What is expected
This exercise calls for the data below to be retyped exactly, minus any images.

*** Dataset content

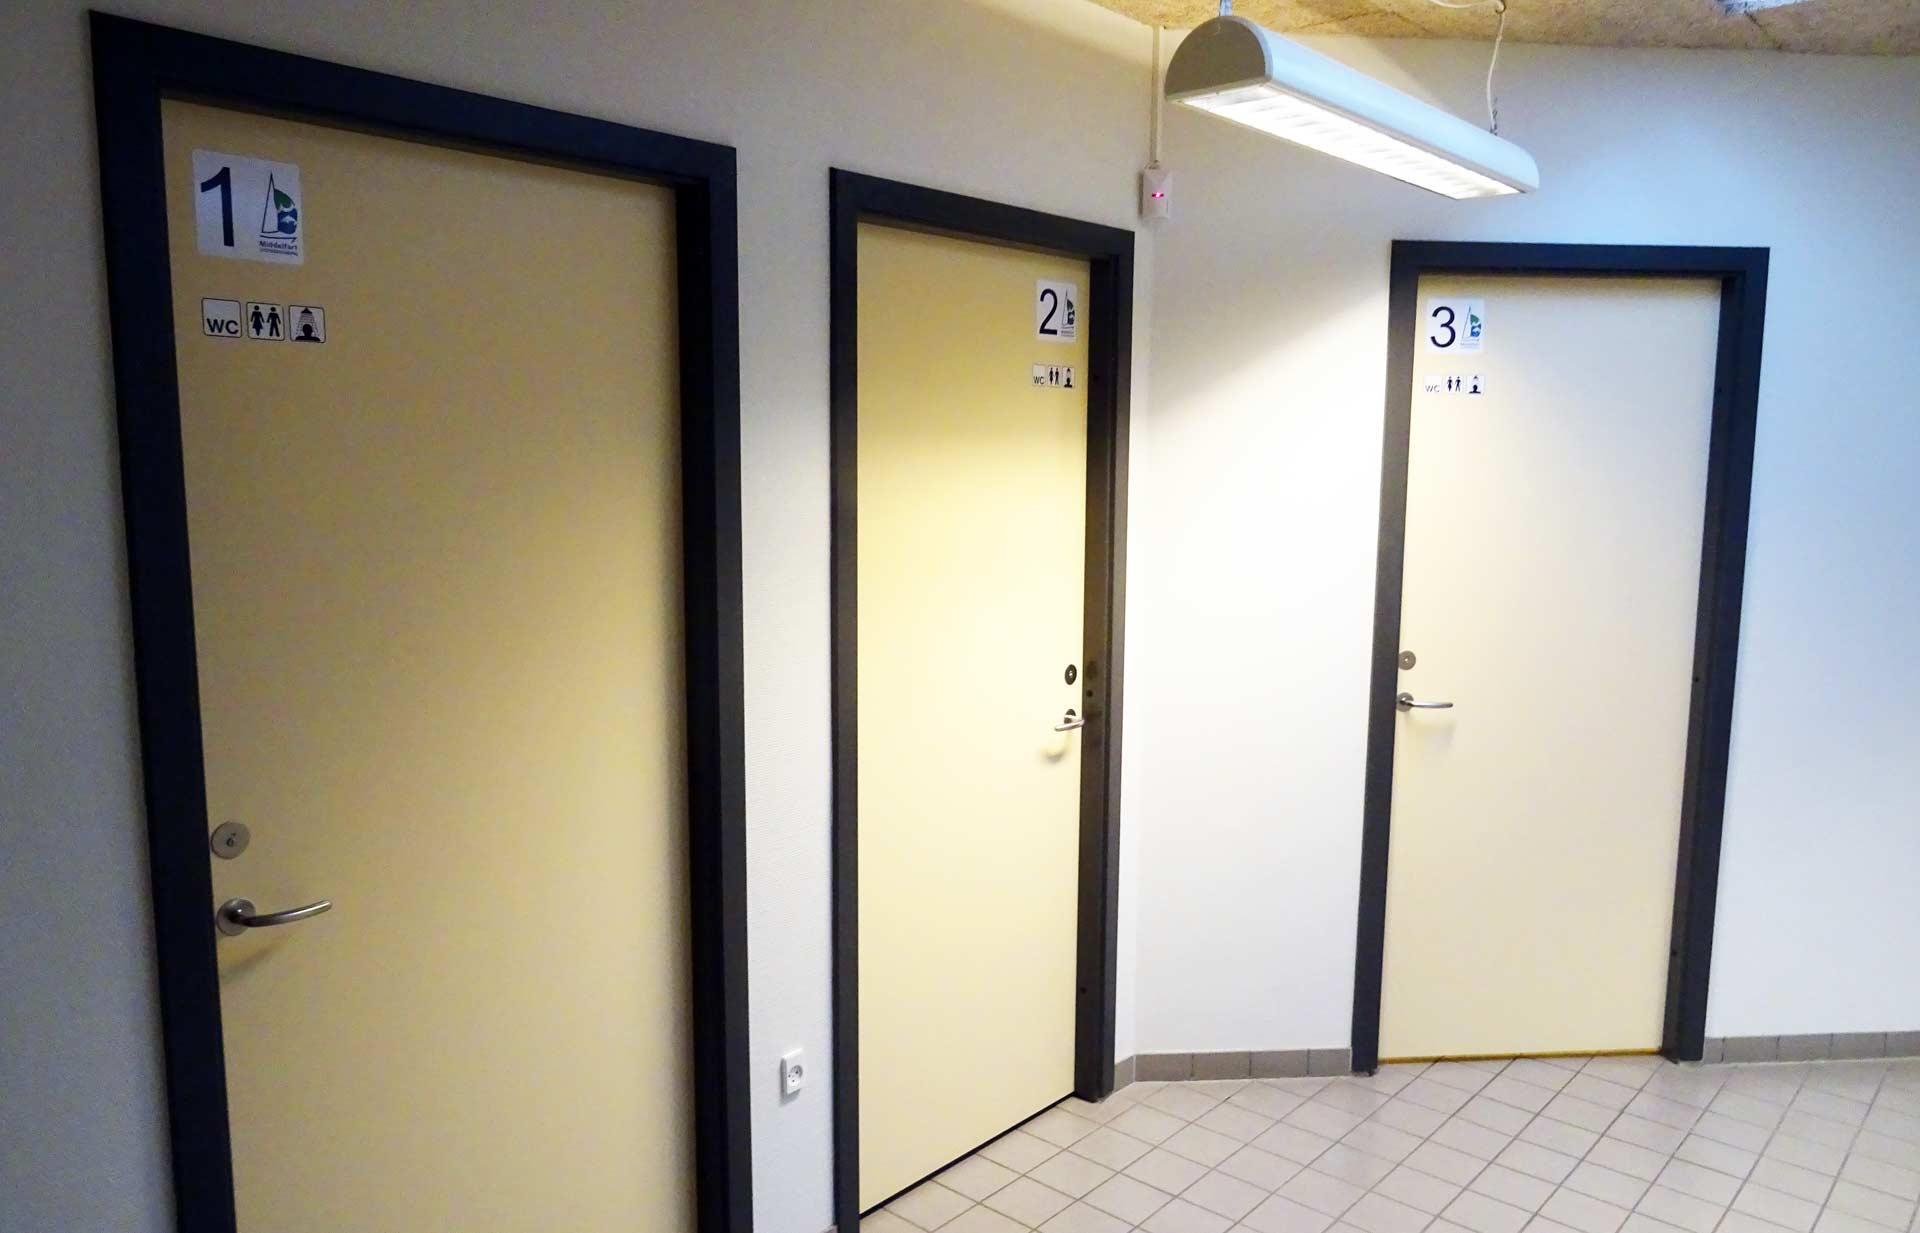 Privacy in the bathroom facilities
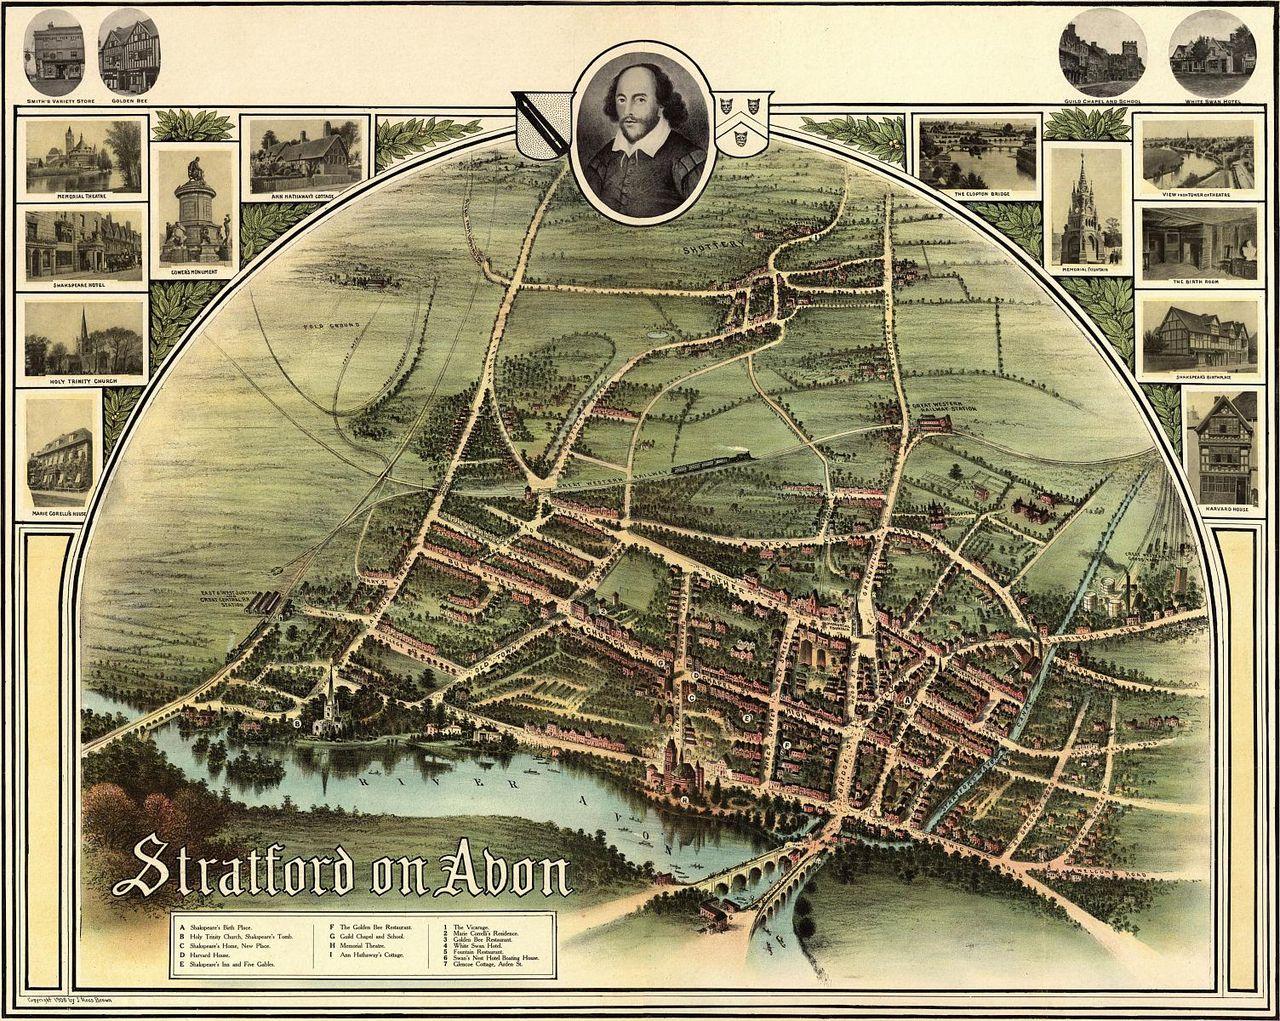 FileStratford On Avon Historic Map Jpg Wikimedia Commons - Historic maps england
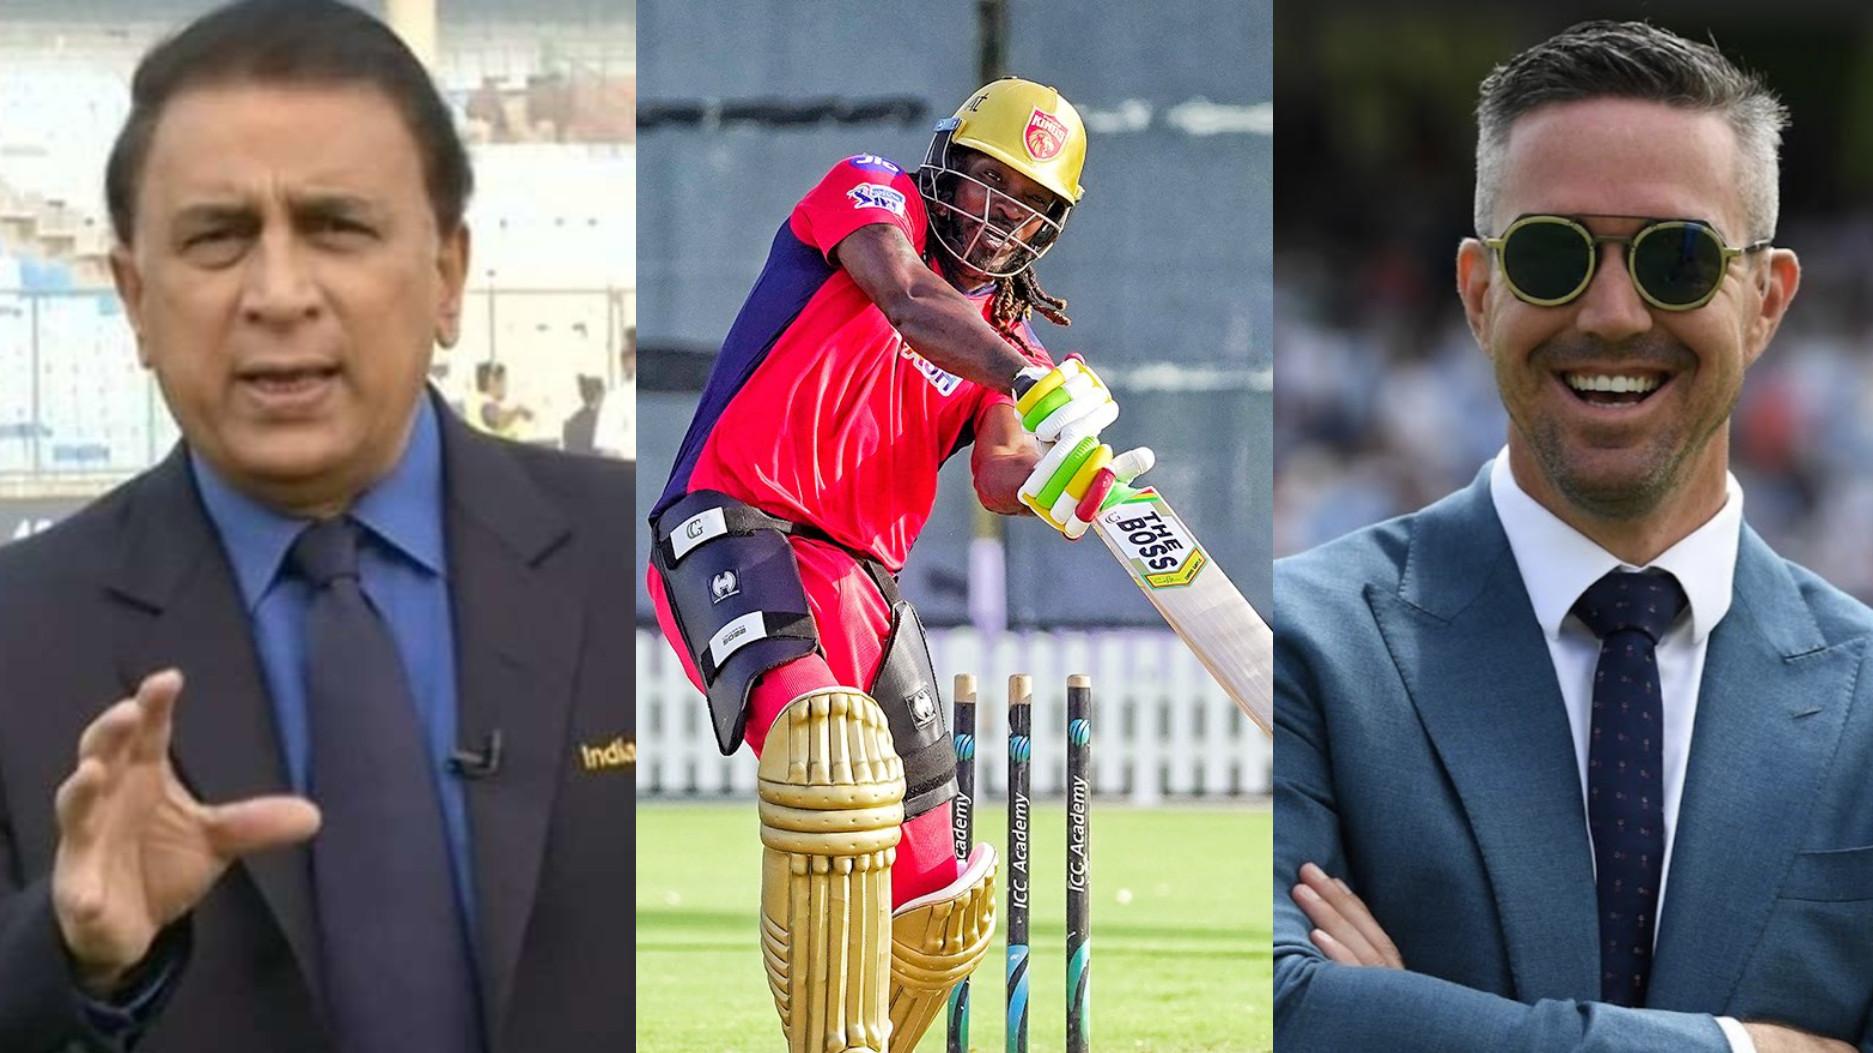 IPL 2021: Makes zero sense- Gavaskar, Pietersen on Gayle's exclusion from PBKS XI

******

Answer for the task
 Privacy in the bathroom facilities
 FileStratford On Avon Historic Map Jpg Wikimedia Commons - Historic maps england
 IPL 2021: Makes zero sense- Gavaskar, Pietersen on Gayle's exclusion from PBKS XI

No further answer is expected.